__About this task__. The lines to repeat are those below from the one containing "Förhandlingskravet är bara" down to the one containing "captura de tela", both included; reproduce them exactly and nothing else.

☆ ☆ ☆ ☆ ☆ ☆ ☆

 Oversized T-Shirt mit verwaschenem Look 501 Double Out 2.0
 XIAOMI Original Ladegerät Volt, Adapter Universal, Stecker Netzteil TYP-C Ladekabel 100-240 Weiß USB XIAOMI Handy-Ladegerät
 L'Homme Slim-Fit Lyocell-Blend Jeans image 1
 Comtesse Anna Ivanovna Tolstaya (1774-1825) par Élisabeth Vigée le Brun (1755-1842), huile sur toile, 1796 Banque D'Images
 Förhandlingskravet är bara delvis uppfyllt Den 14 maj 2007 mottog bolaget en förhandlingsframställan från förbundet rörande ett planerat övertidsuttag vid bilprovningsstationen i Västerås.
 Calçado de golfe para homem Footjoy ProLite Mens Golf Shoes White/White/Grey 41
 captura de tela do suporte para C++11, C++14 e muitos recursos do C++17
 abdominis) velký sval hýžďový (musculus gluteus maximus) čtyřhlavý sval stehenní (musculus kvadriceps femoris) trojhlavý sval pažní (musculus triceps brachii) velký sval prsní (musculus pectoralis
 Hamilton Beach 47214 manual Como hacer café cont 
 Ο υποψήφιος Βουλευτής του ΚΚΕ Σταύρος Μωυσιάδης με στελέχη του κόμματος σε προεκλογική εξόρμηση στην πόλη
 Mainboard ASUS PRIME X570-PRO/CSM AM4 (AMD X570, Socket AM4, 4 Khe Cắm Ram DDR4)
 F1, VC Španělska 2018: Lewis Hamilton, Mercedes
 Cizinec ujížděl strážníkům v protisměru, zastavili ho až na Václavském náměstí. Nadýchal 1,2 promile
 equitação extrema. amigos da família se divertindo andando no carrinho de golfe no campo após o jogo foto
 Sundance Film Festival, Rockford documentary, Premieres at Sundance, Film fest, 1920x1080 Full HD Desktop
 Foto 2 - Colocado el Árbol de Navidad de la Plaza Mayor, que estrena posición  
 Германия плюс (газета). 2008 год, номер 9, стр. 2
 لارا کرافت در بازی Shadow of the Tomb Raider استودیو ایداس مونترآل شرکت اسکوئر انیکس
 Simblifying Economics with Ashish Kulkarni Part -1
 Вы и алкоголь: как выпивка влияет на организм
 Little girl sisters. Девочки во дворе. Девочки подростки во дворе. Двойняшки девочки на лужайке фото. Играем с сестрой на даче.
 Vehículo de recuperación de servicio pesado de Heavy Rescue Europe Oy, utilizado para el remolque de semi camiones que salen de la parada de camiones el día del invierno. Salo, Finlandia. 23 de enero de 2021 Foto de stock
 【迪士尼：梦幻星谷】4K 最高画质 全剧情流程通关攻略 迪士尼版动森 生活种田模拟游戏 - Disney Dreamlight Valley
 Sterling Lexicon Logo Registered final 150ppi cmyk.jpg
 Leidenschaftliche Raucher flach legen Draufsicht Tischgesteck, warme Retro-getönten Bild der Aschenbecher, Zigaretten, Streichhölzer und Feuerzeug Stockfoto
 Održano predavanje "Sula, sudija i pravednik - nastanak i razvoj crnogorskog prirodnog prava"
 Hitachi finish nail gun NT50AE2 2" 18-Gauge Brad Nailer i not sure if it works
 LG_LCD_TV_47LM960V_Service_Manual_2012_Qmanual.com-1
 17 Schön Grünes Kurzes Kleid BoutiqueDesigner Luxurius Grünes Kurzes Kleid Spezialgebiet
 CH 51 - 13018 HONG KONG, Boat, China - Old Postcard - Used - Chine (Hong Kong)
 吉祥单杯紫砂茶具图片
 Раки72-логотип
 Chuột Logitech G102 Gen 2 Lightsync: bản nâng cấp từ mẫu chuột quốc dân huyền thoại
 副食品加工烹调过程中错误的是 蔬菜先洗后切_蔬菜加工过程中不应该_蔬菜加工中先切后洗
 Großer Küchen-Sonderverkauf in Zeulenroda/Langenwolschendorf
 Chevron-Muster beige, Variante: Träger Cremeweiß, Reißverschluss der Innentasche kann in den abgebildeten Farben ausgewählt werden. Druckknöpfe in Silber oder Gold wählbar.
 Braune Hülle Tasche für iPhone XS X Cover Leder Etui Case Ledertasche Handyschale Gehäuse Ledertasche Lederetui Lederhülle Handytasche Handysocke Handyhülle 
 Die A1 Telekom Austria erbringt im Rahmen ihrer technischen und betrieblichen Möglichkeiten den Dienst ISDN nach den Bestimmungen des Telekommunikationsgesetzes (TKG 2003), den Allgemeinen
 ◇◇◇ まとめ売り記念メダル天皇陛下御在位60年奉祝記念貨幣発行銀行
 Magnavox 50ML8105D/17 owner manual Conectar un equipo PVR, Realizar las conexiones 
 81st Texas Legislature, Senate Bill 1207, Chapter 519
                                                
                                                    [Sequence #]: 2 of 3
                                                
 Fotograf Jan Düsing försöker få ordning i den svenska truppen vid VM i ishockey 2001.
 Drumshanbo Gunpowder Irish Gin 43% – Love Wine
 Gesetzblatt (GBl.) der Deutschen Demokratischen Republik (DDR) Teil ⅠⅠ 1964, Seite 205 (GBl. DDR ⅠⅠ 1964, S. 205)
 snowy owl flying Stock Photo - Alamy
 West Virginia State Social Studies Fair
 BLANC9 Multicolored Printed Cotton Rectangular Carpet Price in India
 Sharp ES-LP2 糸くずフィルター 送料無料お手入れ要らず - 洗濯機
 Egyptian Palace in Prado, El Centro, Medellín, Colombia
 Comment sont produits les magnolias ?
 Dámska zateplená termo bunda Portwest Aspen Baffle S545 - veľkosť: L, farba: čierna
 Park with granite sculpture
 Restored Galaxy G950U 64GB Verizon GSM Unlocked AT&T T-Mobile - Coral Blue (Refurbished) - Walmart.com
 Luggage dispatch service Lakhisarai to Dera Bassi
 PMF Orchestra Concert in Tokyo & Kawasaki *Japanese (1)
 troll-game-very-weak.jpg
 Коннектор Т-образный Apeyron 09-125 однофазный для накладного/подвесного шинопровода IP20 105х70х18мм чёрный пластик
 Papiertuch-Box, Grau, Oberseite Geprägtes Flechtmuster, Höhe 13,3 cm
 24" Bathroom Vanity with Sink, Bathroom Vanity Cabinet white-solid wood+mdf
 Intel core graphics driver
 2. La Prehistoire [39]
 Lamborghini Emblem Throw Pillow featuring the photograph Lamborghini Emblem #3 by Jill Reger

☆ ☆ ☆ ☆ ☆ ☆ ☆

__Completed task__.
 Förhandlingskravet är bara delvis uppfyllt Den 14 maj 2007 mottog bolaget en förhandlingsframställan från förbundet rörande ett planerat övertidsuttag vid bilprovningsstationen i Västerås.
 Calçado de golfe para homem Footjoy ProLite Mens Golf Shoes White/White/Grey 41
 captura de tela do suporte para C++11, C++14 e muitos recursos do C++17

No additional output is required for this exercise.